(Data listing Opens)
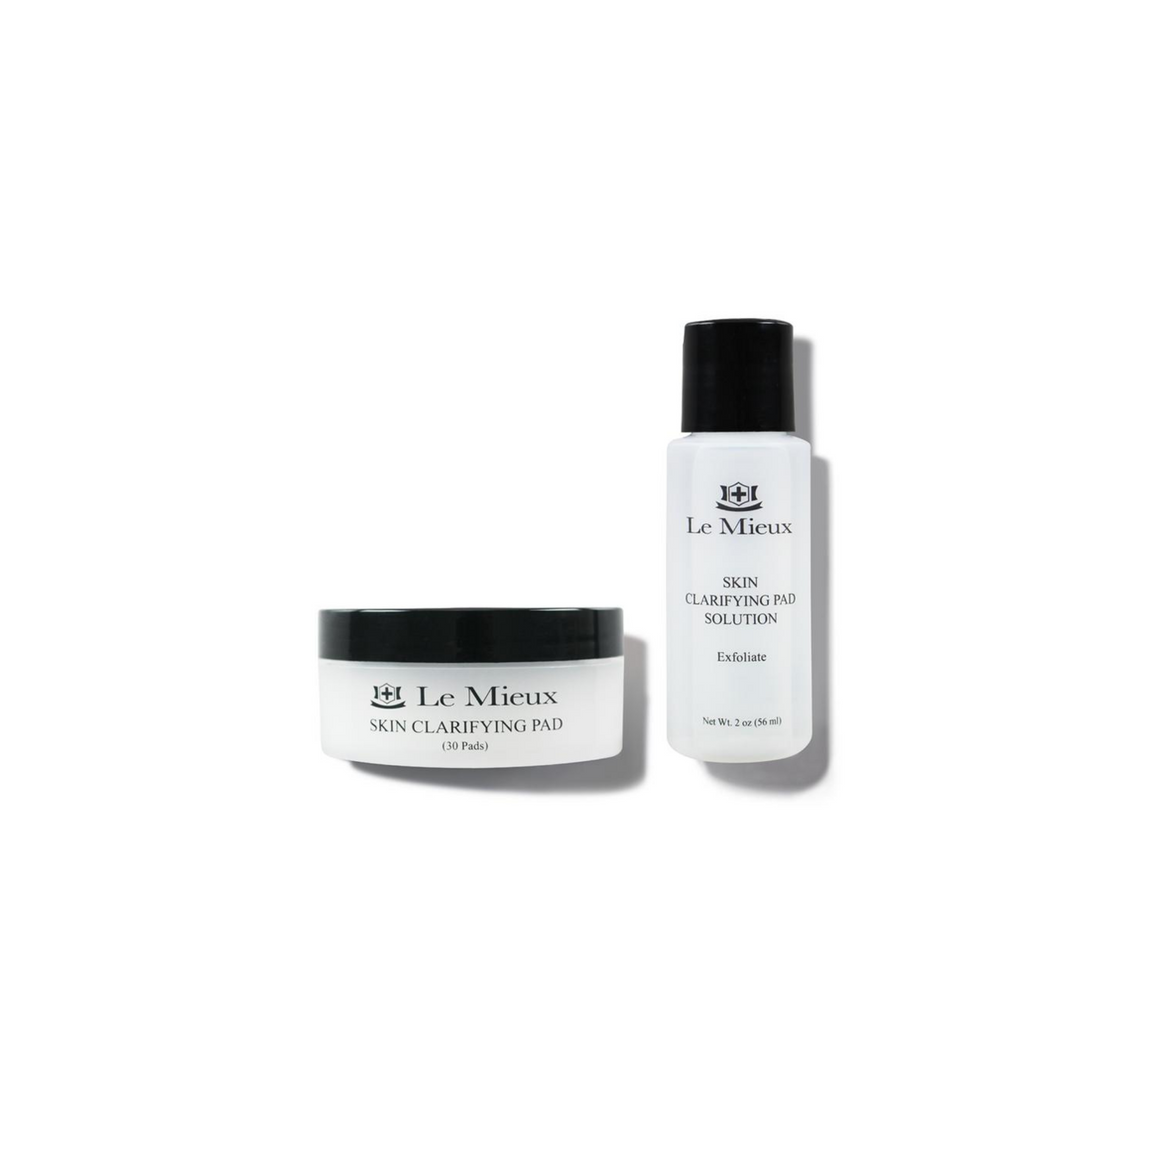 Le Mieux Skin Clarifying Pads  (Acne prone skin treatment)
(Data listing Closes)
(Data listing Opens)
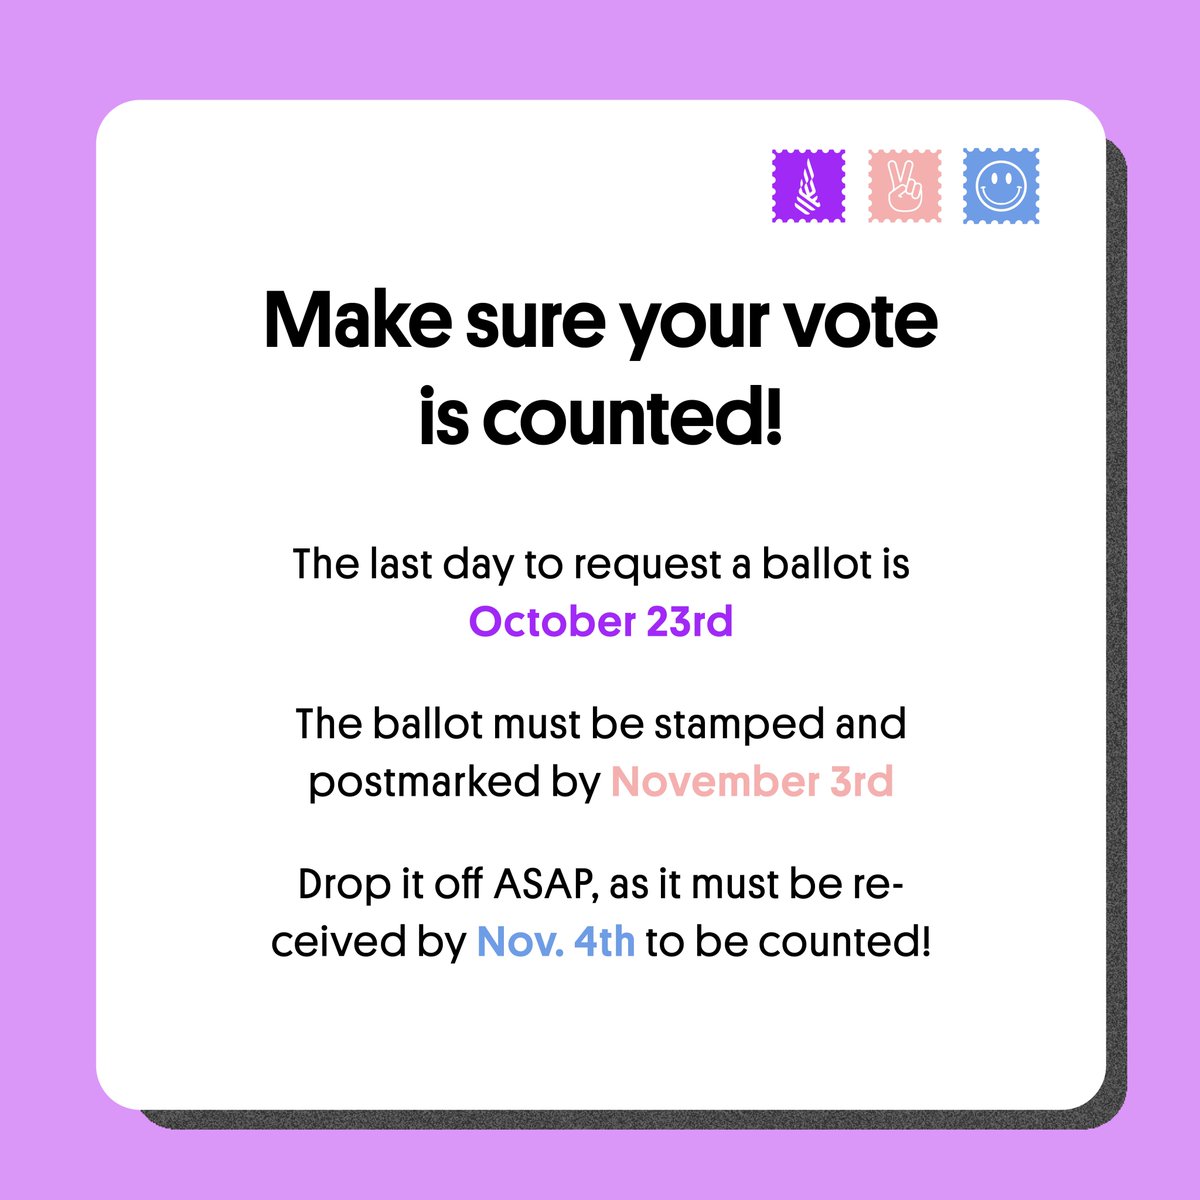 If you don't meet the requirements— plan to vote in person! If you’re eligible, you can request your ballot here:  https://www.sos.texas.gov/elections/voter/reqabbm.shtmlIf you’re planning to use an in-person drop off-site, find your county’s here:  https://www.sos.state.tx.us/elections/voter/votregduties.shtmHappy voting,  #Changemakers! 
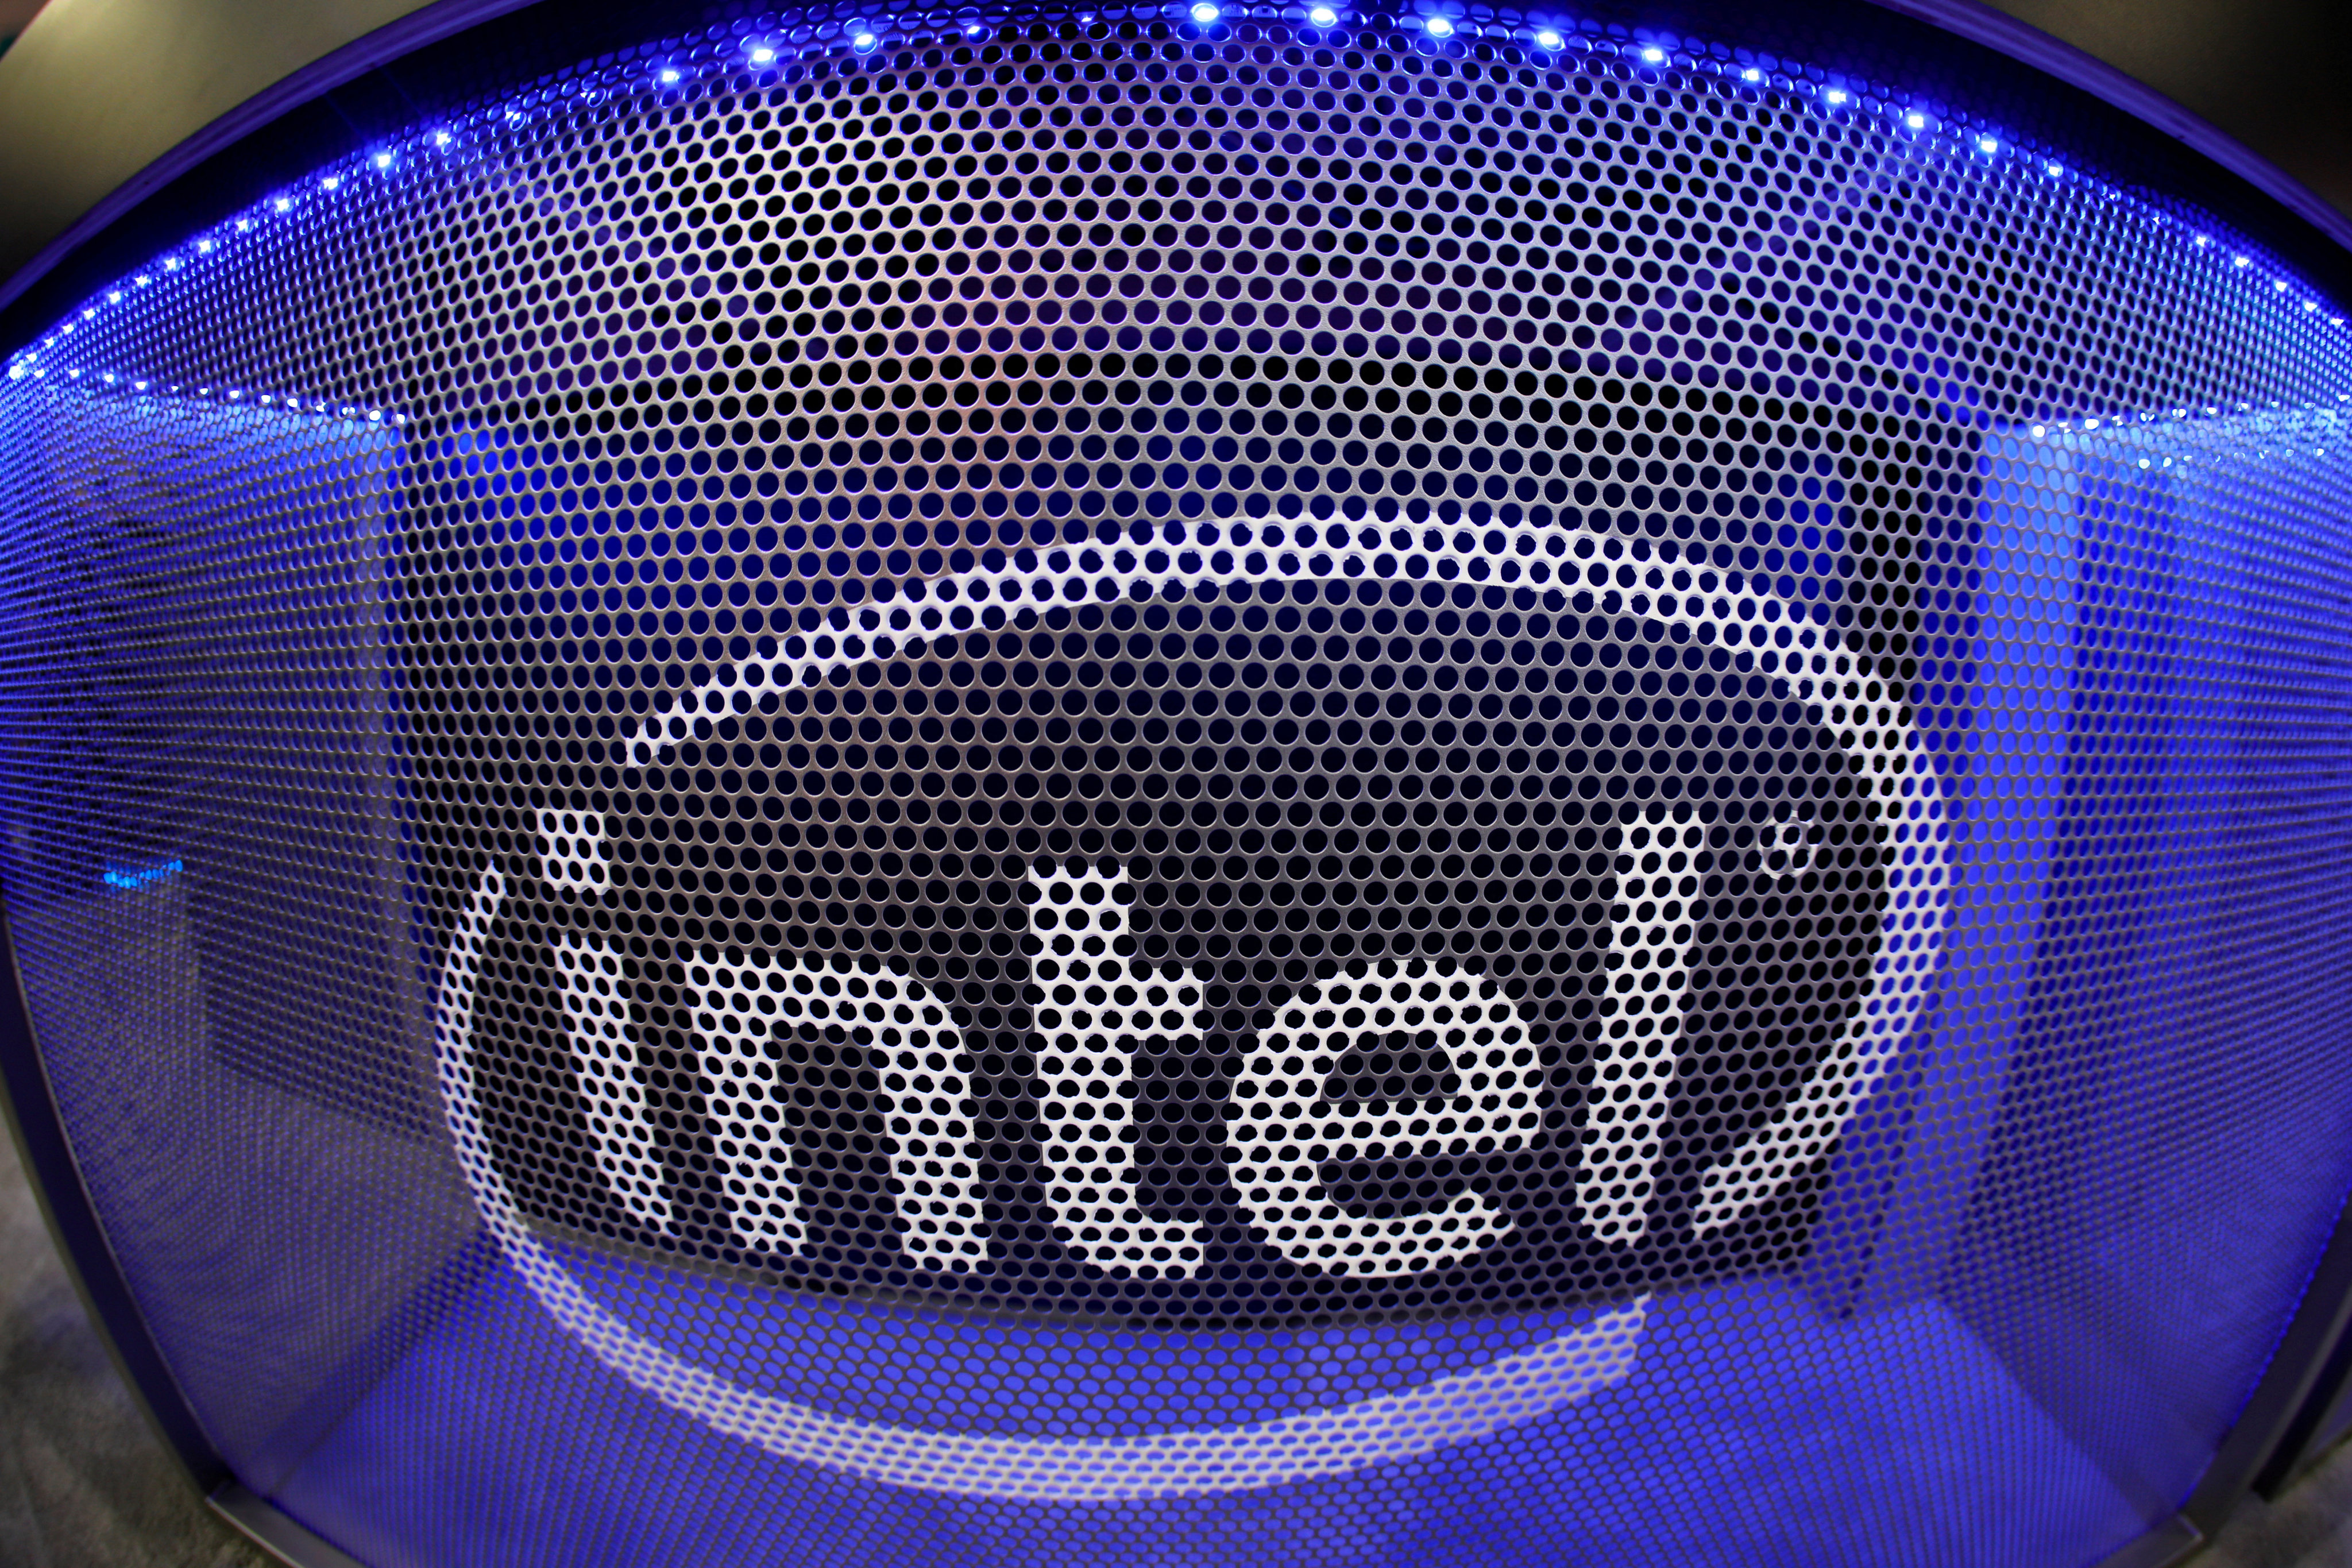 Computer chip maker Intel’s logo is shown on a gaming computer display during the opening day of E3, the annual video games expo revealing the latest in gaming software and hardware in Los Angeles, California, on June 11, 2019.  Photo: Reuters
(Data listing Closes)
Print, exactly, each line above from the one with "If you don't" to the one with "Computer chip maker", end lines included. Leave pictures out of it.

 If you don't meet the requirements— plan to vote in person! If you’re eligible, you can request your ballot here:  https://www.sos.texas.gov/elections/voter/reqabbm.shtmlIf you’re planning to use an in-person drop off-site, find your county’s here:  https://www.sos.state.tx.us/elections/voter/votregduties.shtmHappy voting,  #Changemakers! 
 Computer chip maker Intel’s logo is shown on a gaming computer display during the opening day of E3, the annual video games expo revealing the latest in gaming software and hardware in Los Angeles, California, on June 11, 2019.  Photo: Reuters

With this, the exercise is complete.